Out of Many We are One: Immigrant Heritage Month

By: Malorie Lewis / Arab America Contributing Writer

June is Immigrant Heritage Month! This month has continued its annual celebration since its beginning in 2014. The initial initiative was a product of the I Am an Immigrant Foundation, and it exists for the purpose of honoring our Immigrant citizens and heritage. This spotlight is more essential than ever with continued negative and unfounded mindsets about immigration and immigrants. It is a reminder that we all come from a form of immigration historically!

President Joe Biden released a proclamation on May 31st, 2023, specifically recognizing the holiday. In his proclamation, Biden encouraged Americans to learn more about immigrants and celebrate their stories. You can view this proclamation here.

America is more than a place; it is an idea.  It is the idea that everyone is created equal and deserves to be treated equally throughout their lives and that everyone should have a fair shot and an equal chance to get ahead.  That is what has drawn people to our shores for centuries.  It is what makes us who we are.  And that very idea of America has been advanced by immigrants from every part of the world — my ancestors and yours.  Their dreams built America, and during National Immigrant Heritage Month, we celebrate their courage.

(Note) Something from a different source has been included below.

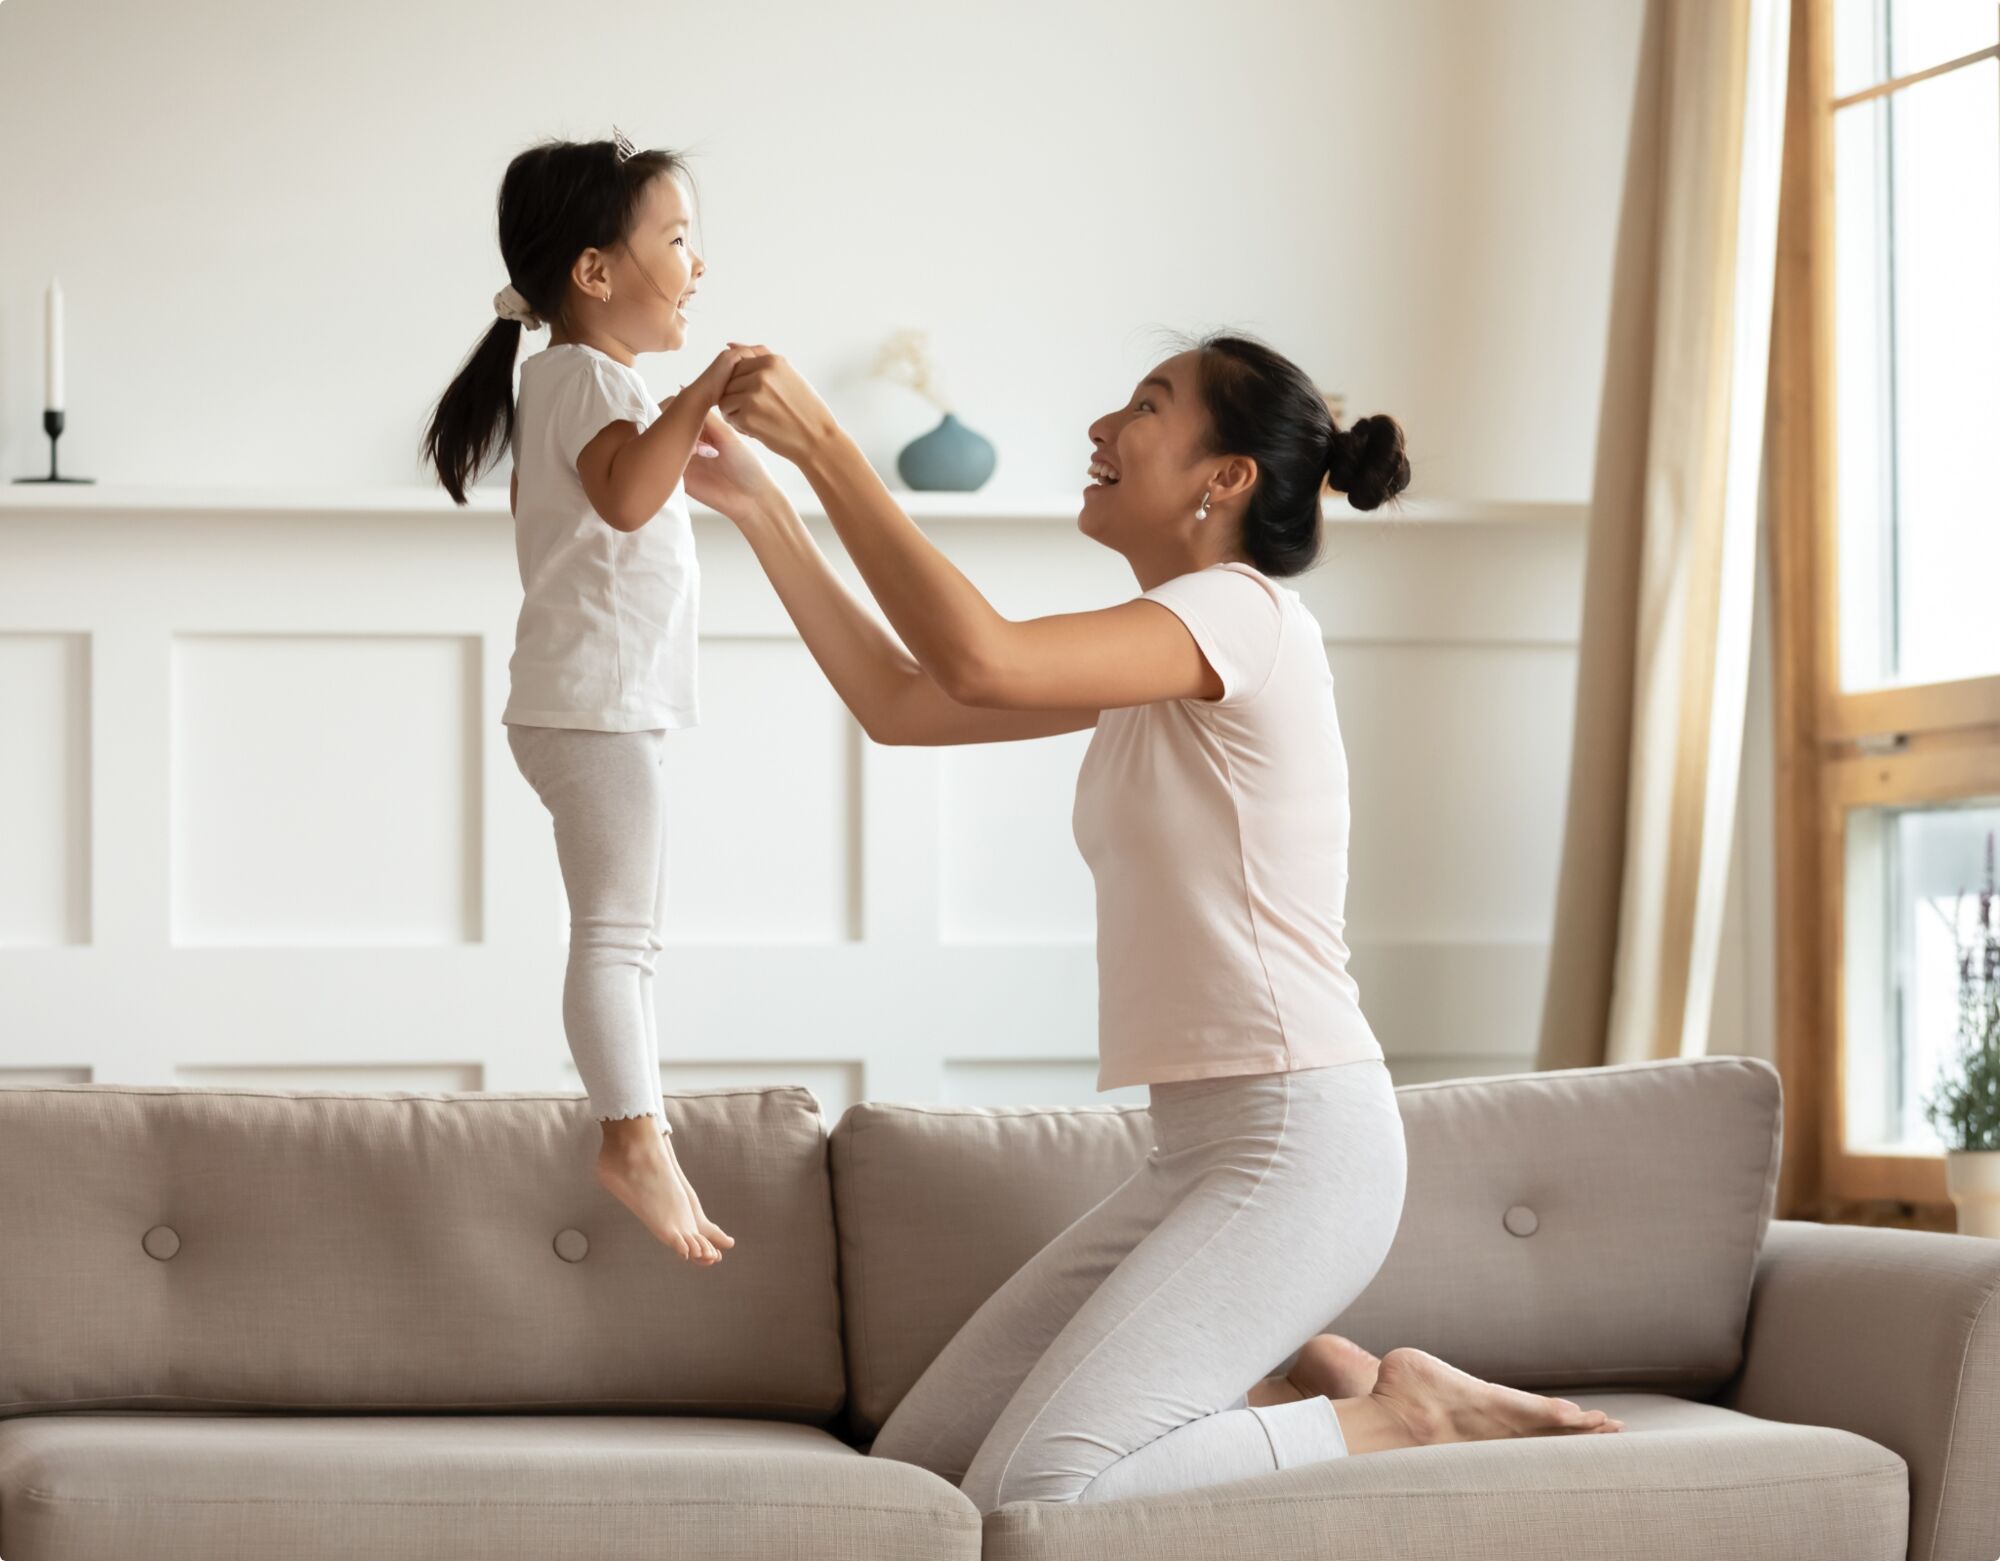 A mother playing with her daughter on a couch

Joe Biden Proclamation on National Immigrant Heritage Month, 2023

Reflections on the “Melting Pot”

Out of Many We are One: Immigrant Heritage Month
Photo found here.

It is important for us to take the time to reflect on the contributions of our fellow citizens; after all, we are a nation built on immigration. It is a time to appreciate our own history and celebrate the continual progress we make thanks to our rich and diverse community. Immigrants have not only contributed to the economic growth of America, but they are the bedrock of our diverse cultural landscape. They have shaped and molded our identity into the mythical “melting pot” we learned about in school.

However, a better analogy for America is that of the tossed salad. Why a tossed salad? Well, our racial, religious, and cultural heritage components remain intact, and there is less of a push for assimilation. Our identity coincides with groups outside of being just plain American. We are Mexican-American, African-American, Muslim-American, Italian-American, Asian-American, Arab American, etc. Immigrants’ heritage, customs, and culture only serve to enrich our country.

Arab Immigration History

Out of Many We are One: Immigrant Heritage Month
Photo found here.

This celebration is very dear to us here in Arab America. Migration from the Middle East and North African regions has a lengthy history dating back to the 1800s. There were four distinct waves of immigration from the Arab World that saw a major influx to the United States.

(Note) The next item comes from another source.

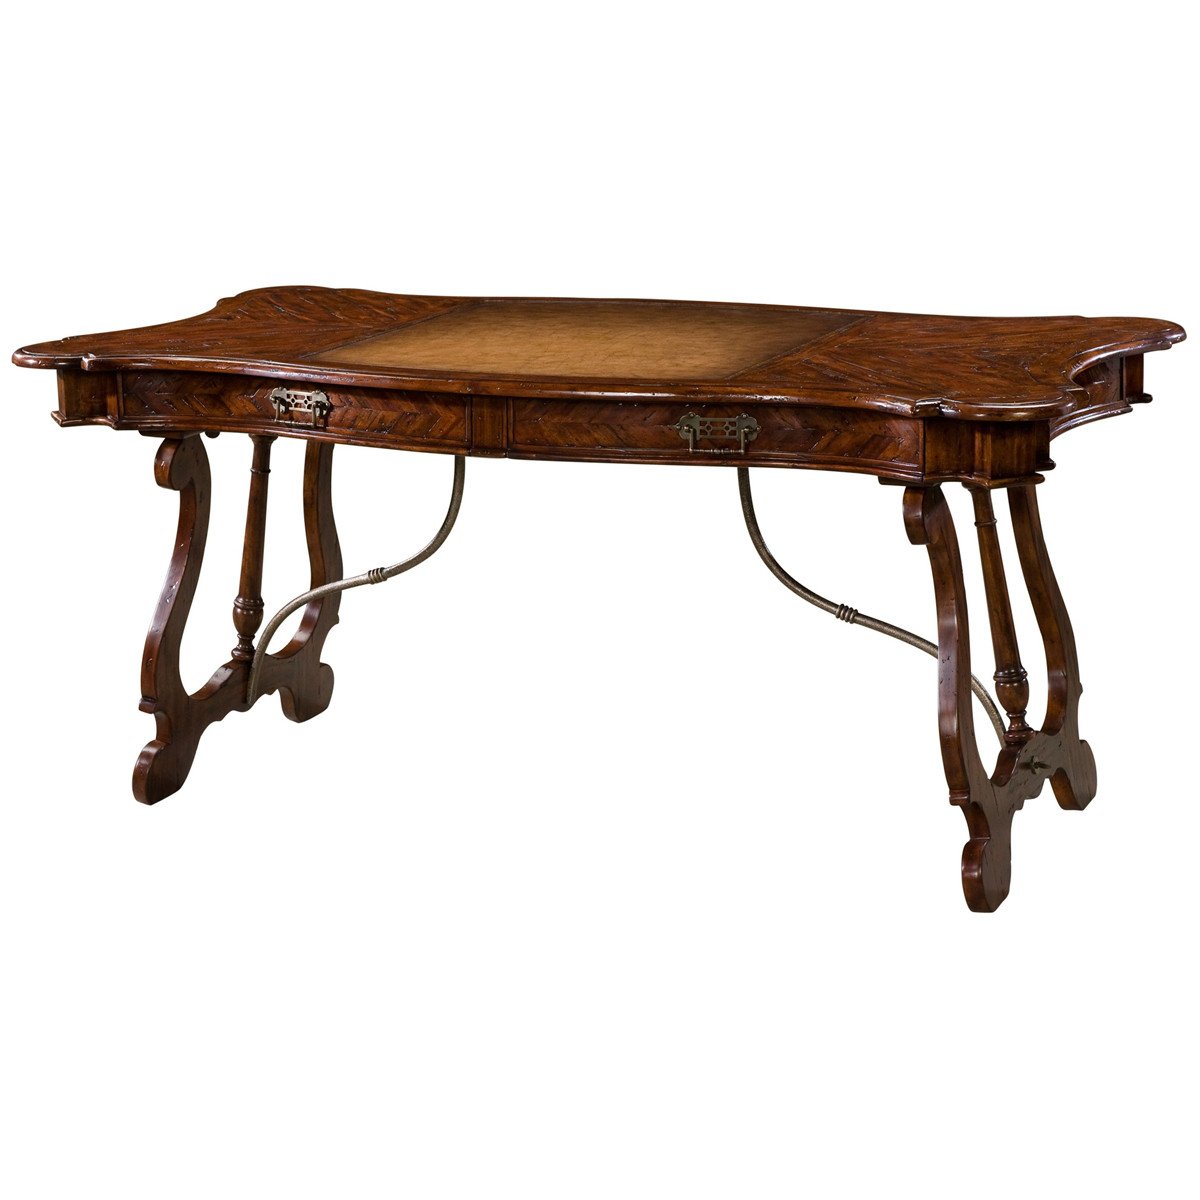 Theodore Alexander Castle Bromwich Bragana Writing Table

The first wave occurred from the 1800s to 1924. The majority were Arab Christians from the Ottoman Empire who fled to the United States escaping economic insecurity, conscription, and religious persecution. This is the very story and essence of the United States. It is the “American Dream.” This lasted until the implementation of the Johnson-Reed Act. This limited immigration to the U.S. based on quotas, favoring immigrants from northern and western Europe.

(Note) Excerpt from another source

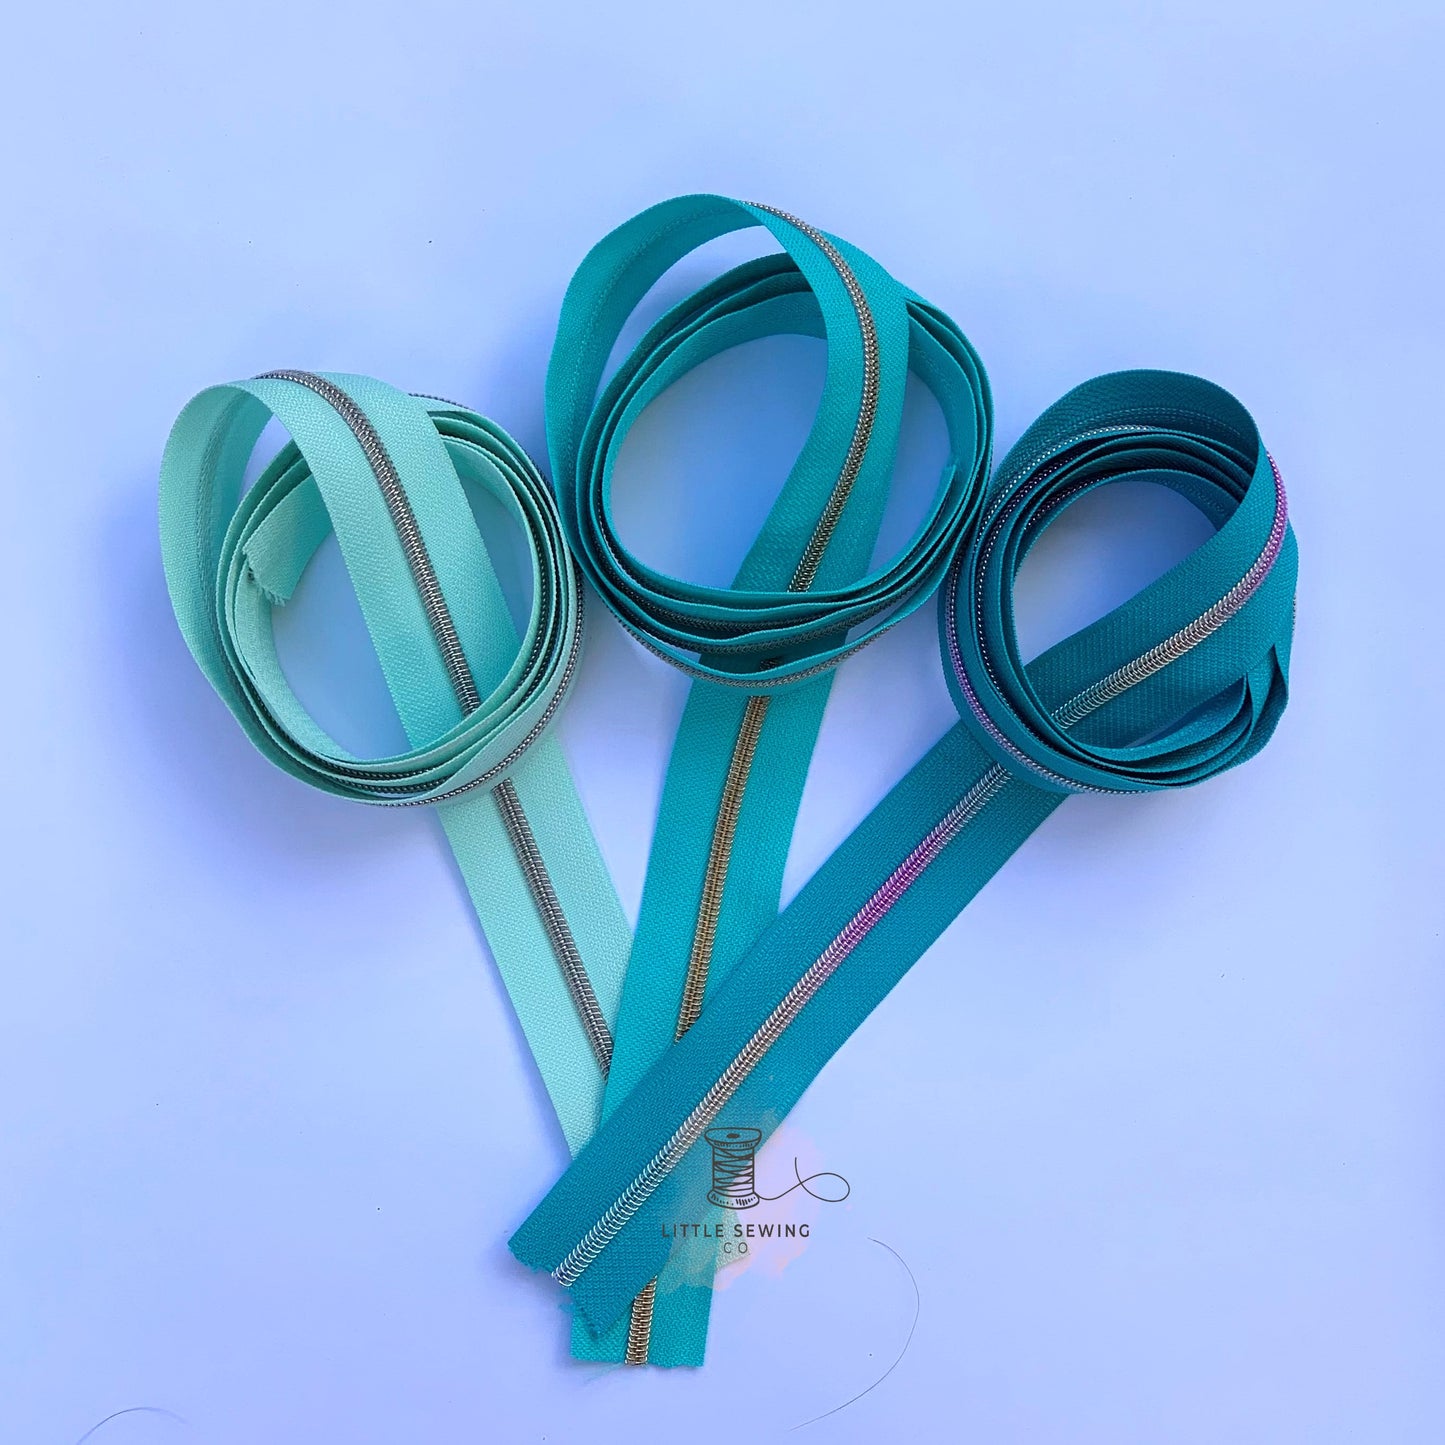 Pale Turquoise Zipper Tape #3

Following WWII, the U.S. made exceptions for many educated people from Syria, Lebanon, Palestine, Jordan, Egypt, and Iraq who came to the United States. Thus, the beginning of a phenomenon known as the “brain drain” was set into motion. Then the Arab-Israeli War catalyzed increased Arab immigration as approximately 711,000 Palestinians became displaced from their homes and land. The Refugee Relief Act in 1953 permitted around 2,000 Palestinian families to immigrate to the United States.

From 1966 to 1990, immigration from Arab countries saw a significant spike as many came to study at U.S. schools and found work in the country afterward. Others were refugees fleeing domestic conflicts, such as the Lebanese Civil War. Finally, we are in the most recent wave of Arab immigration, from 1990 to the present. As time has passed and conflicts continue to emerge, so has the population of our amazing Arab American community.

Arab American Immigrant Statistics and Impact

Out of Many We are One: Immigrant Heritage Month

According to the Arab American Institute, nearly 3.7 million Americans trace their roots to an Arab country. Arab Americans exist in every state, but more than two-thirds live in just ten states: California, Michigan, New York, Florida, Texas, New Jersey, Illinois, Ohio, Pennsylvania, and Virginia. Metropolitan Los Angeles, Detroit, and New York comprise one-third of the population. Many of these welcoming cities are also participating in the celebrations this month! You should get out there and find some events.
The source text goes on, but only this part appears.